What it does Taking inspiration from Google Robotics pioneering the VLA model architecture, we attempted to create something similar in that we wanted a model that could output action tokens that represent semantic meaning given EEG recordings of internal speech.

How we built it Signal ingestion: EEG (32-channel, 250Hz) preprocessed via ZUNA

Encoder: EEG encoder producing 512 Dimensional latent vectors

Projector: 3-layer MLP mapping 1024D brain vectors Classifier backend: MLP command classifier on WAY-EEG-GAL grasp/lift EEG epochs for discrete action decoding Robot arm: FastAPI + WebSocket simulator receives action tokens and animates arm movements UI: Gradio dashboard + agentic optimization loop running iterative self-improvement passes Datasets: WAY-EEG-GAL (grasp/lift EEG), ZuCo 2.0, OpenNeuro ds004514

Challenges we ran into

Signal quality gating — noisy or low-confidence epochs needed abstention logic rather than bad predictions

The biggest problem we ran into was having to switch tracks on the second day. ]On the technical side, we struggled to get computers to execute our ideas and test MVPs because all our team members are on consumer grade hardware that could not handle loading the larger models, much fine tuning or training a frontier model. Furthermore, incorporating the fNIR data with the EEG data was challenging because of the delay between the near instant EEG voltage changes and the slower metabolic changes. Also a lesson we learned was getting too excited and making architecture decisions before understanding the current state of the field. Initially we wanted to use NueGPT but after debating on how we can use it, we discovered that the frontier had actually moved on to larger foundational models such as Brain-OF that natively handles multimodal data from nearly every brain signal imaginable.

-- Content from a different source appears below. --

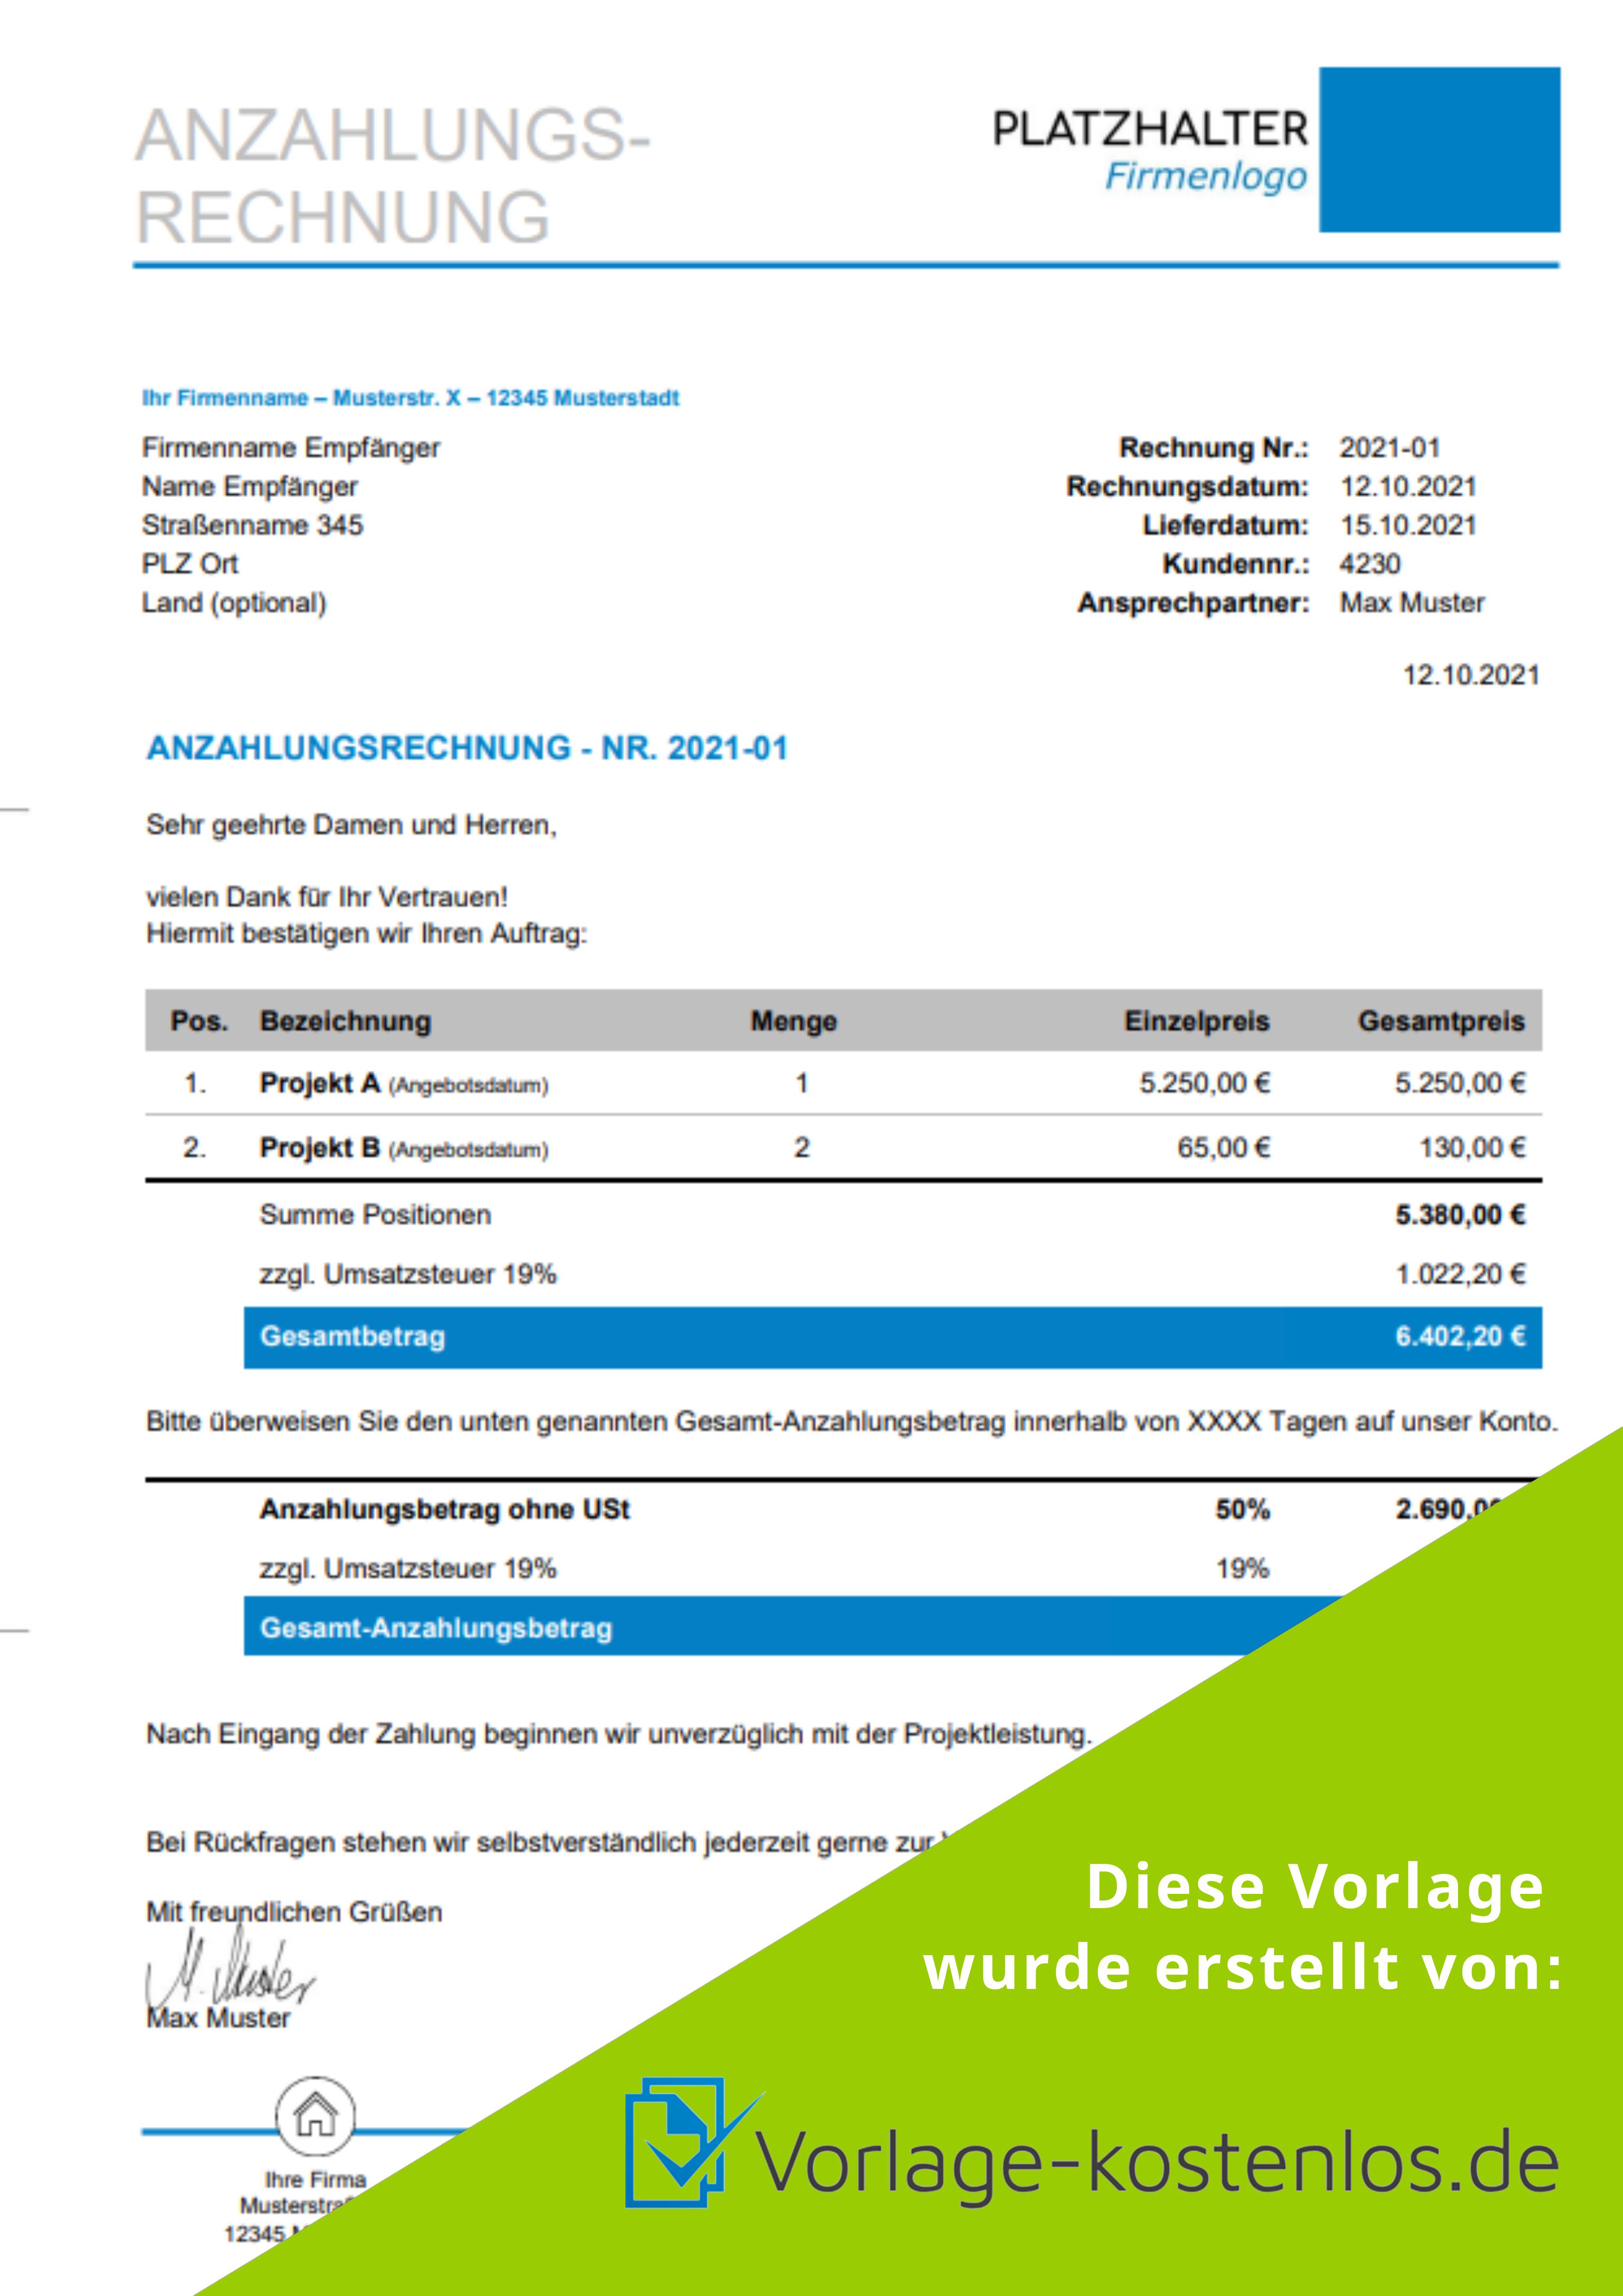 Anzahlungsrechnung Muster-Beispiel & Vordruck zum Download von vorlage-kostenlos.de

Accomplishments that we're proud of

We were successfully able to implement a proof of concept wherein we created a self optimizing model that can decode EEG signals into action tokens that move a simulated robotic arm. While this used motor intent, the concept is highly transferable as semantic and motor intent use similar neural pathways when it comes to imagining action related words like the ones we used. Hence, we can utilize the same pipeline for semantic intent by just retraining with semantic data.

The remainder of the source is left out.